Mar 31, 2015
We have audited the accompanying financial statements of DHABRIYA POLYWOOD LIMITED ("the Company"), which comprise the Balance Sheet as at 31st March, 2015, the Statement of Profit and Loss and the Cash Flow Statement for the year then ended, and a summary of the significant accounting policies and other explanatory information.
MANAGEMENT'S RESPONSIBILITY FOR THE FINANCIAL STATEMENTS
The Company's Board of Directors is responsible for the matter stated in Section 134(5) of the Companies Act, 2013 ("the Act") with respect to the preparation of these standalone financial statements that give a true and fair view of the financial position, financial performance and cash flows of the Company in accordance with the Accounting Standards notified under Section 133 of the Act, read with rule 7 of the Companies (Accounts) Rules, 2014. This responsibility also includes maintenance of adequate accounting records in accordance with the provisions of the Act, for safeguarding the assets of the Company and for preventing and detecting frauds and other irregularities; selection and application of appropriate accounting policies; making judgements and estimates that are reasonable and prudent; and design, implementation and maintenance of adequate internal financial controls, that were operating effectively for ensuring the accuracy and completeness of the accounting records, relevant to the preparation and presentation of the financial statements that give a true and fair view and are free from material misstatement, whether due to fraud or error.
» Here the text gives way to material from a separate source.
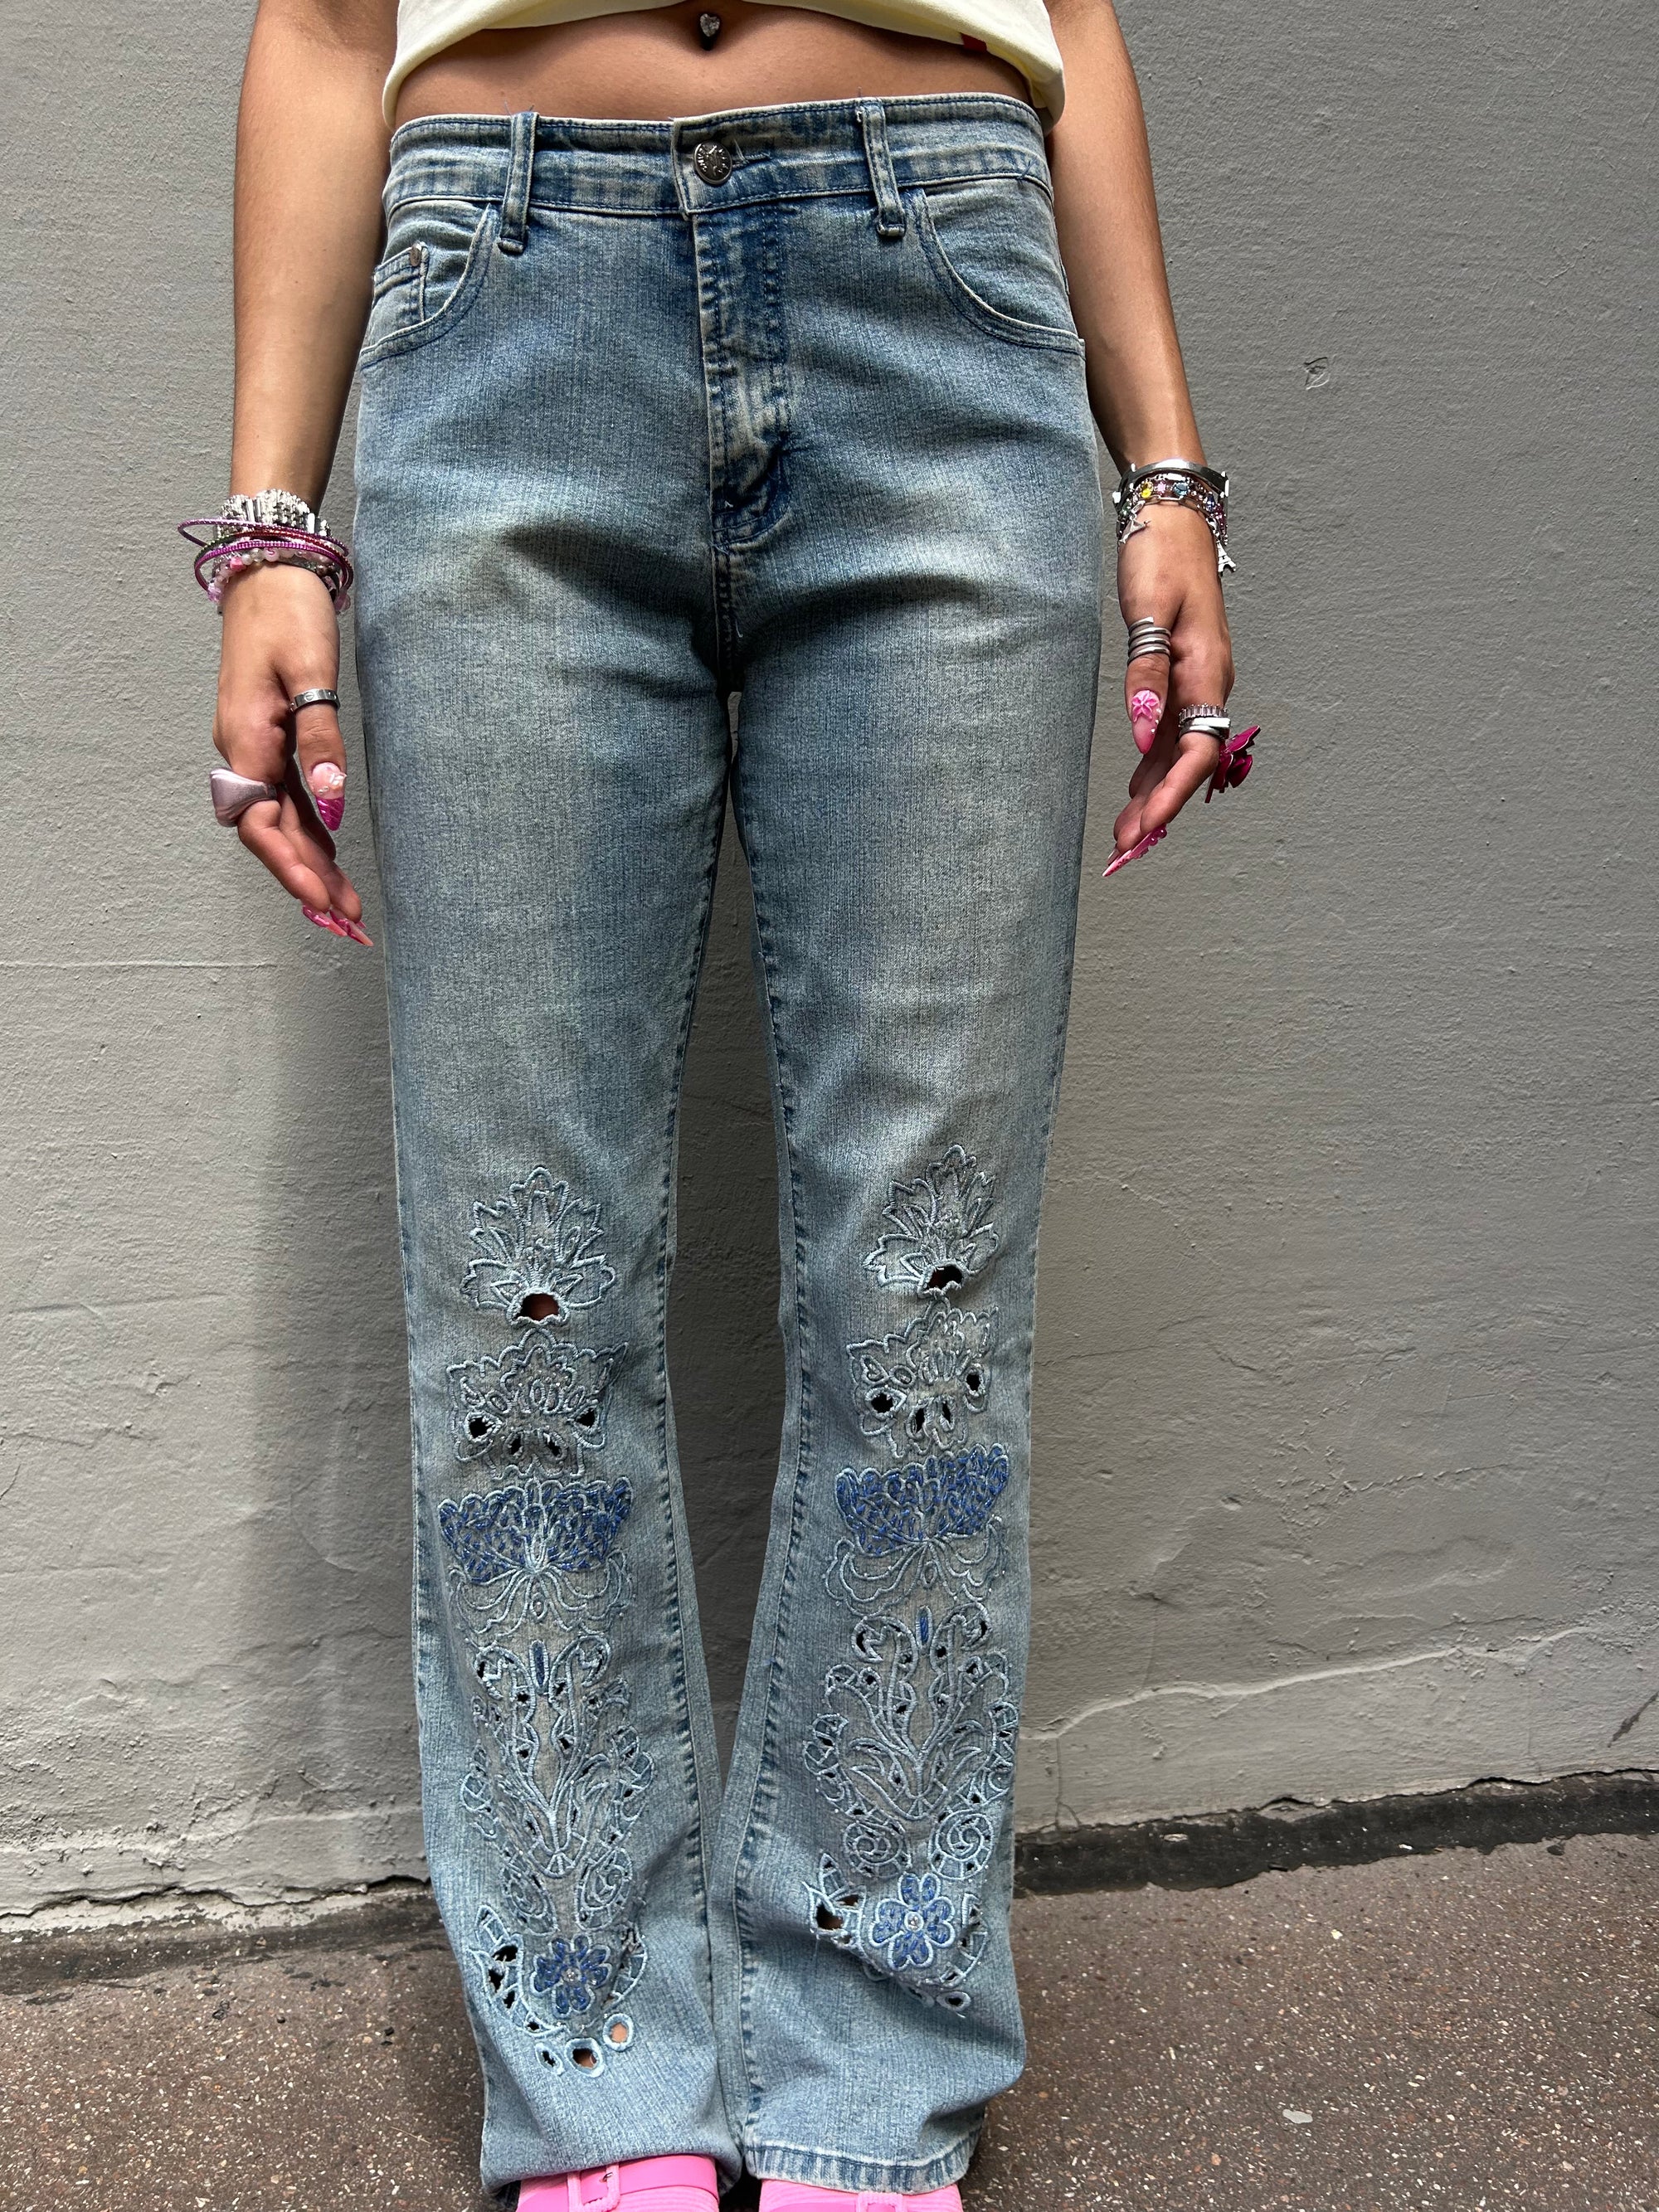 Tragebild Vintage Flared Flower Stitching Jeans s vor grauer wand 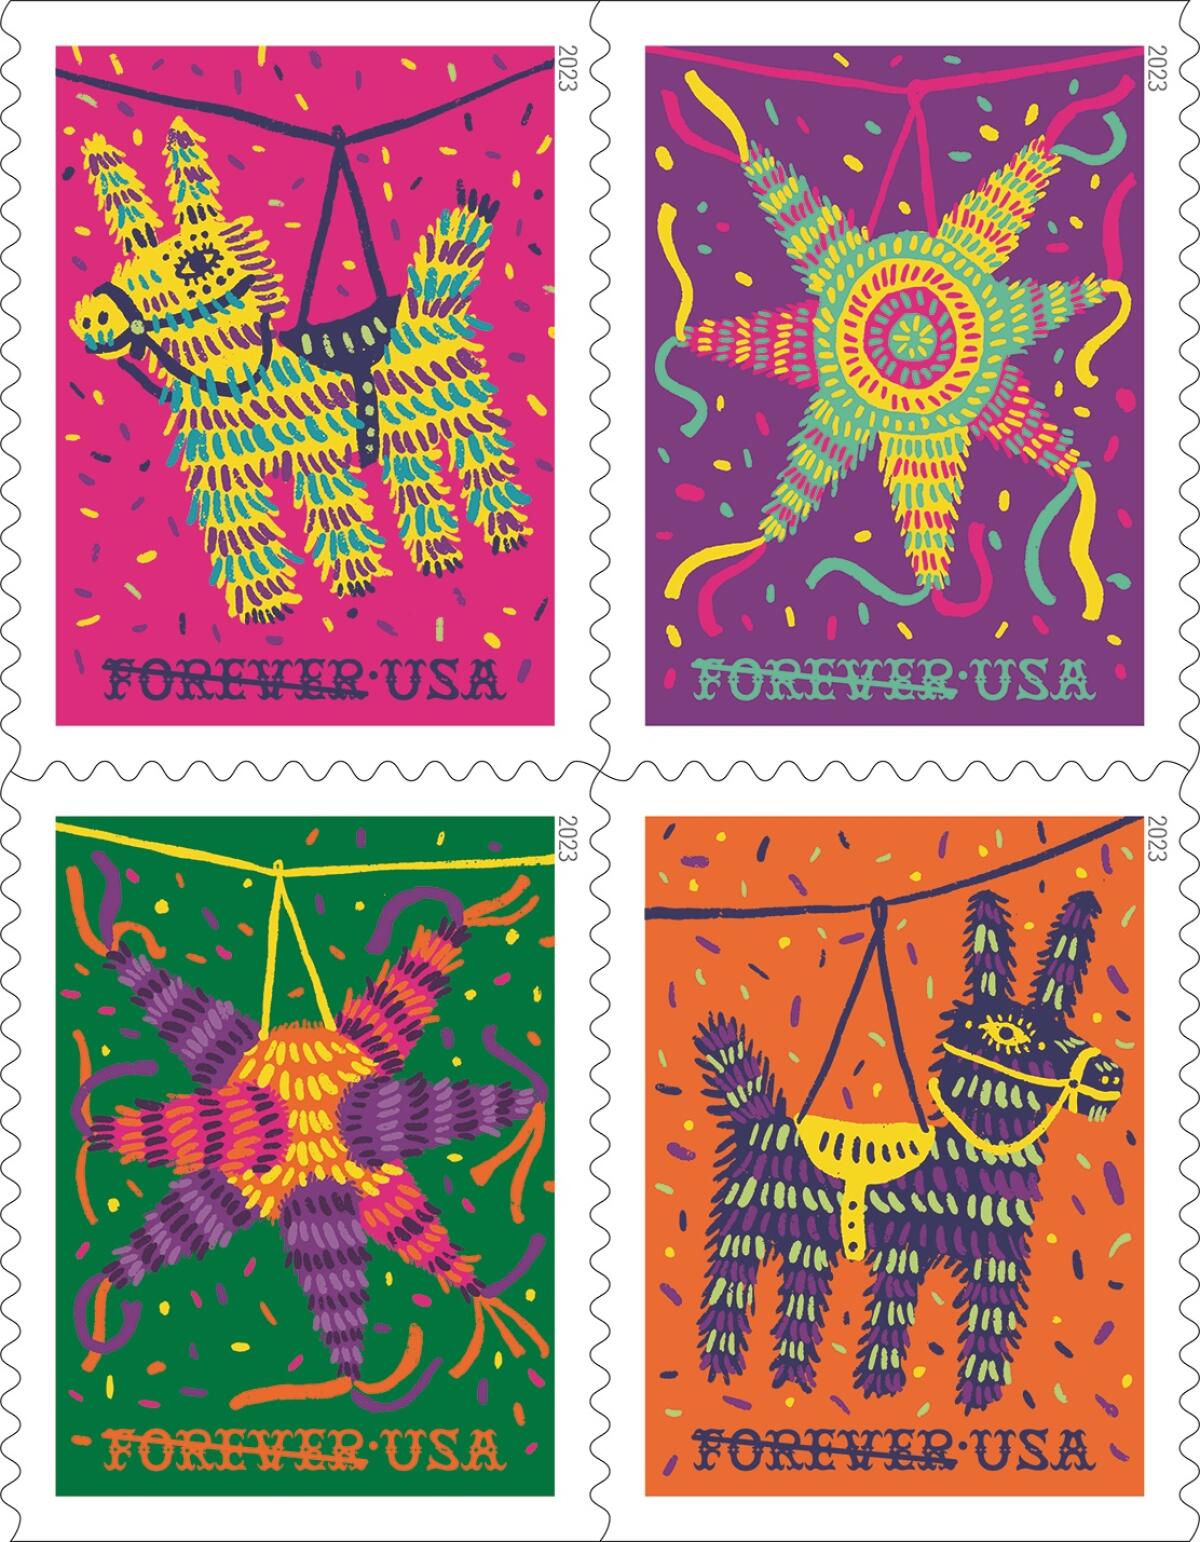 EEUU festeja antigua tradición hispana con timbres postales de piñatas -  Los Angeles Times

Our responsibility is to express an opinion on these standalone financial statements based on our audit. We have taken into account the provisions of the Act, the accounting and auditing standards and matters which are required to be included in the audit report under the provisions of the Act and the Rules made there under.
We conducted our audit in accordance with the Standards on Auditing specified under Section 143(10) of the Act. Those Standards require that we comply with ethical requirements and plan and perform the audit to obtain reasonable assurance about whether the financial statements are free from material misstatements.
An audit involves performing procedures to obtain audit evidence about the amounts and disclosures in the financial statements. The procedures selected depend on the auditor's judgment, including the assessment of the risks of material misstatement of the financial statements, whether due to fraud or error. In making those risk assessments, the auditor considers internal financial control relevant to the Company's preparation of the financial statements that give a true and fair view in order to design audit procedures that are appropriate in the circumstances, but not for the purpose of expressing an opinion on whether the Company has in place an adequate internal financial controls system over financial reporting and the operating effectiveness of such controls. An audit also includes evaluating the appropriateness of accounting policies used and the reasonableness of the accounting estimates made by the Company's directors, as well as evaluating the overall presentation of the financial statements. We believe that the audit evidence we have obtained is sufficient and appropriate to provide a basis for our audit opinion on the standalone financial statements.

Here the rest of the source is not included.